§ **Data segment**:
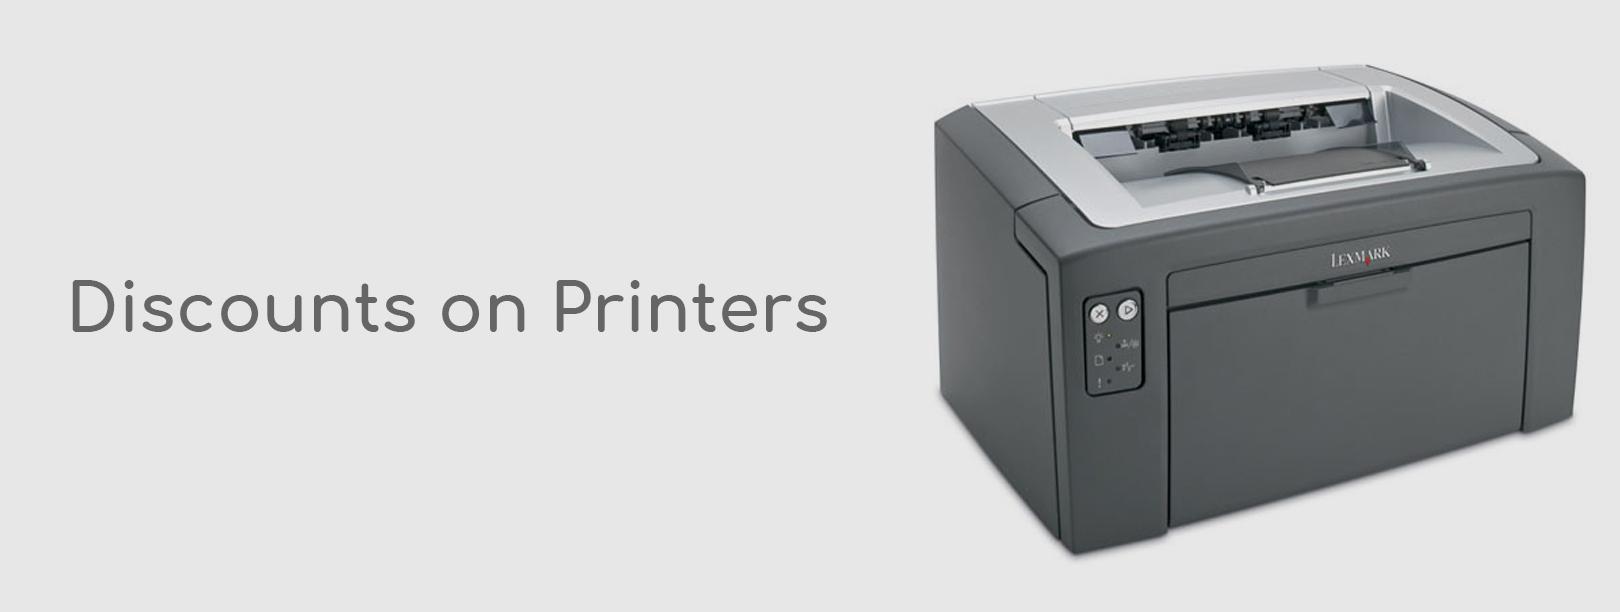 Flipkart Printers
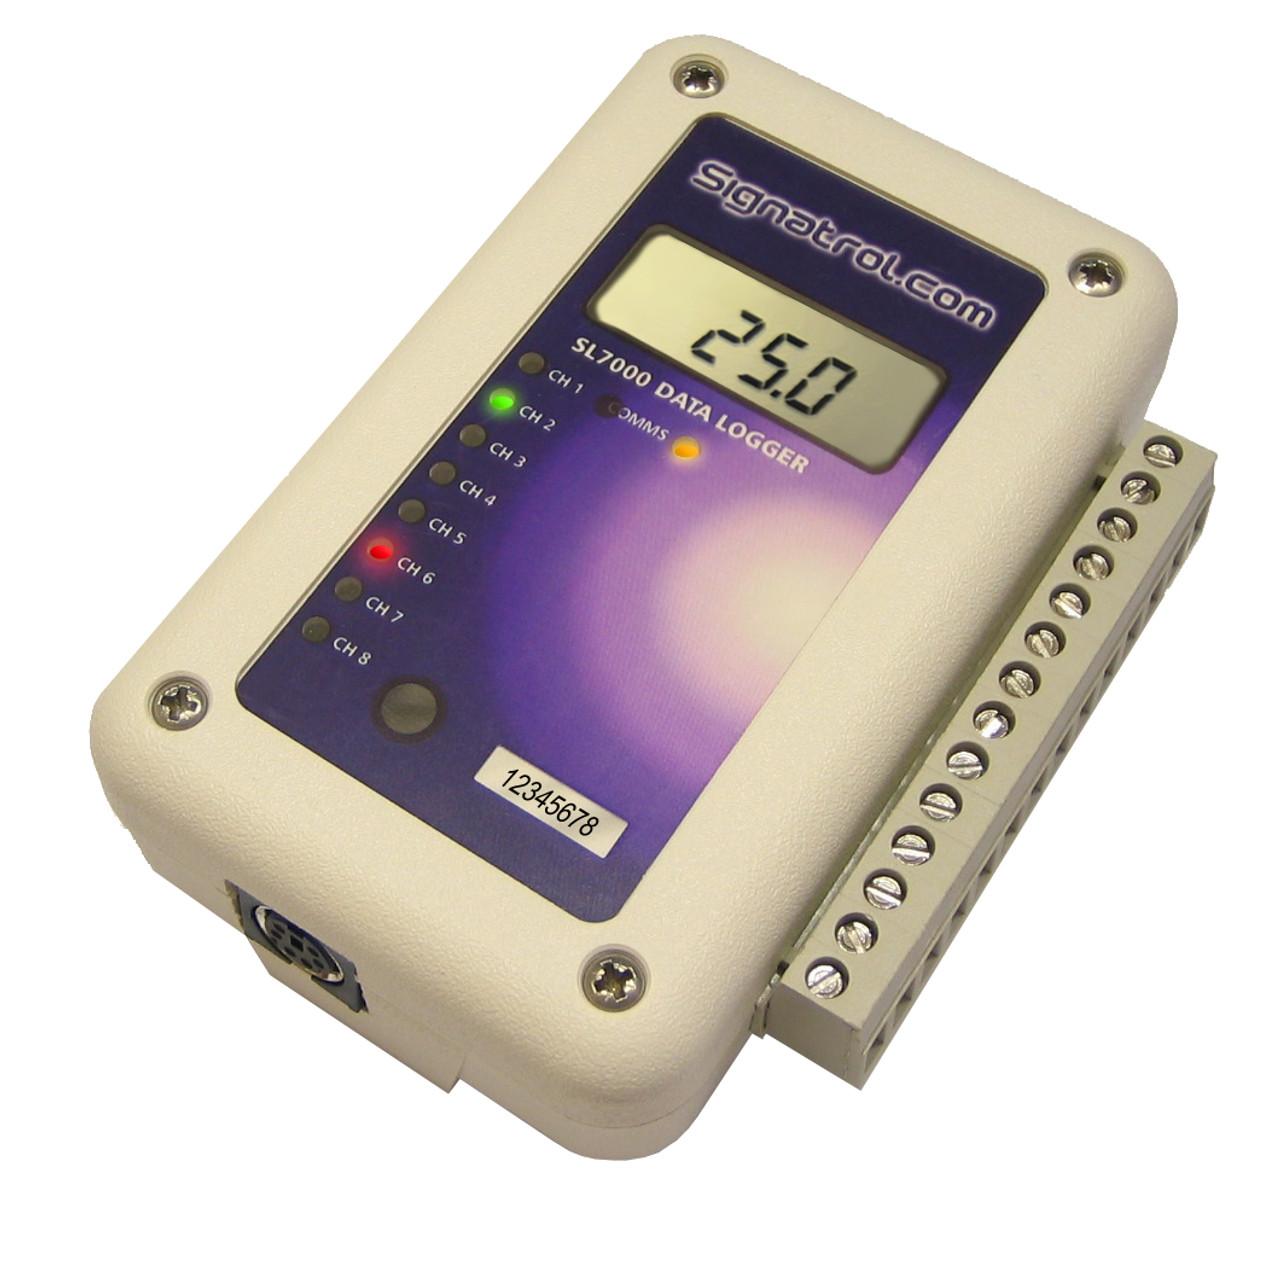 Signatrol SL7104 data logger.
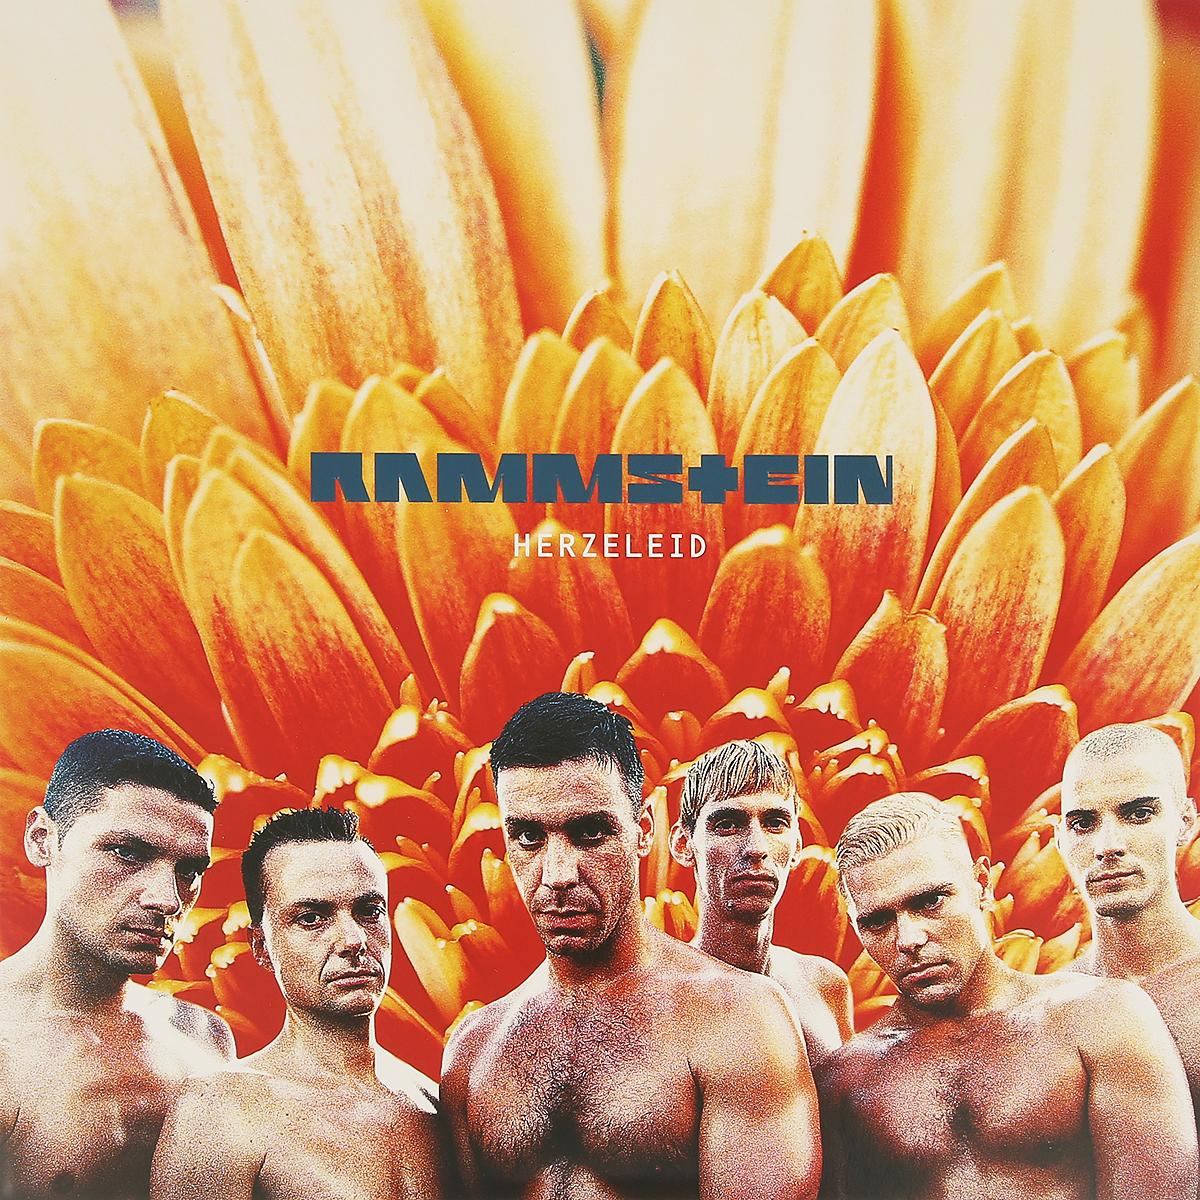 цена на Rammstein Rammstein. Herzeleid (2 LP)
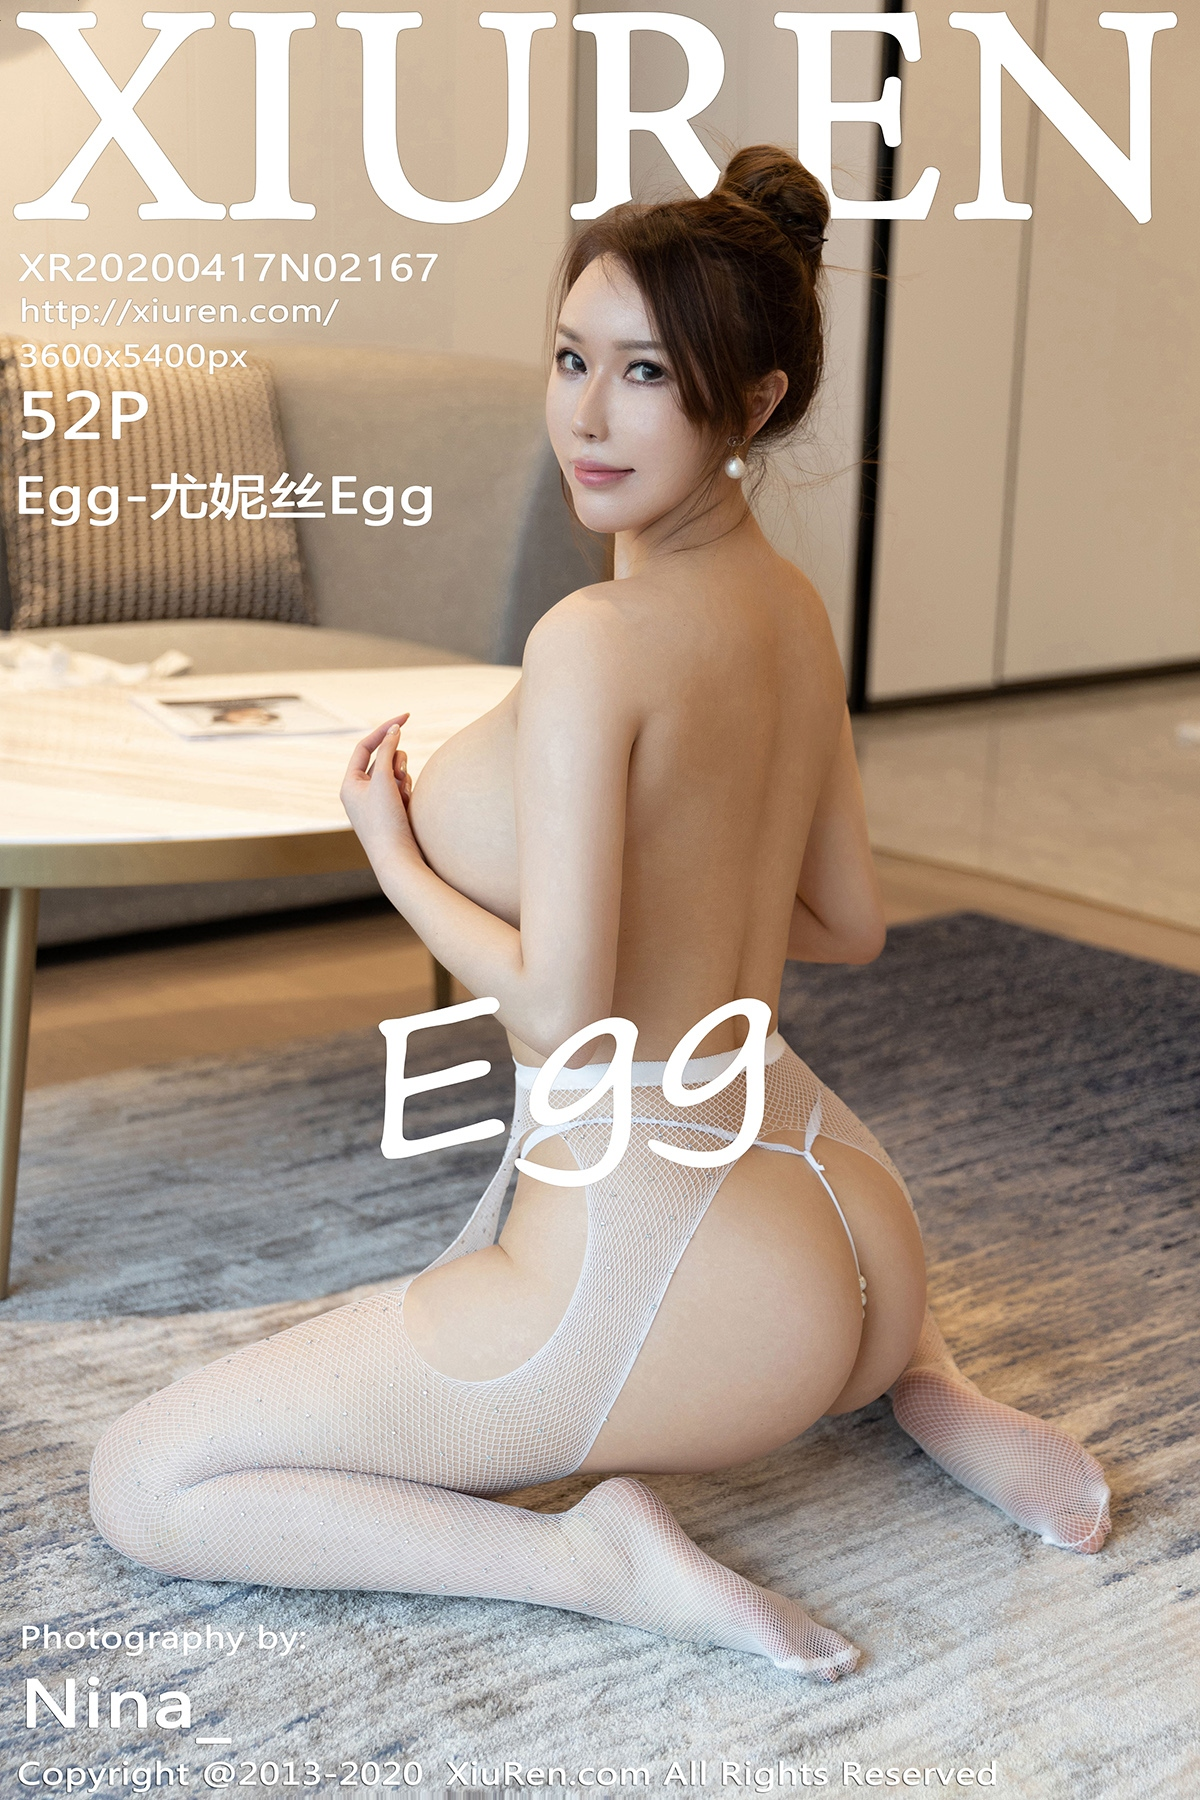 [XiuRen秀人网]2020.04.17 No.2167 Egg-尤妮丝Egg 情趣内衣[/233MB]

§ **Work to be completed**: Restate the whole listing exactly as written, minus the pictures.

§ **Written answer**:
 Flipkart Printers
 Signatrol SL7104 data logger.
 цена на Rammstein Rammstein. Herzeleid (2 LP)
 [XiuRen秀人网]2020.04.17 No.2167 Egg-尤妮丝Egg 情趣内衣[/233MB]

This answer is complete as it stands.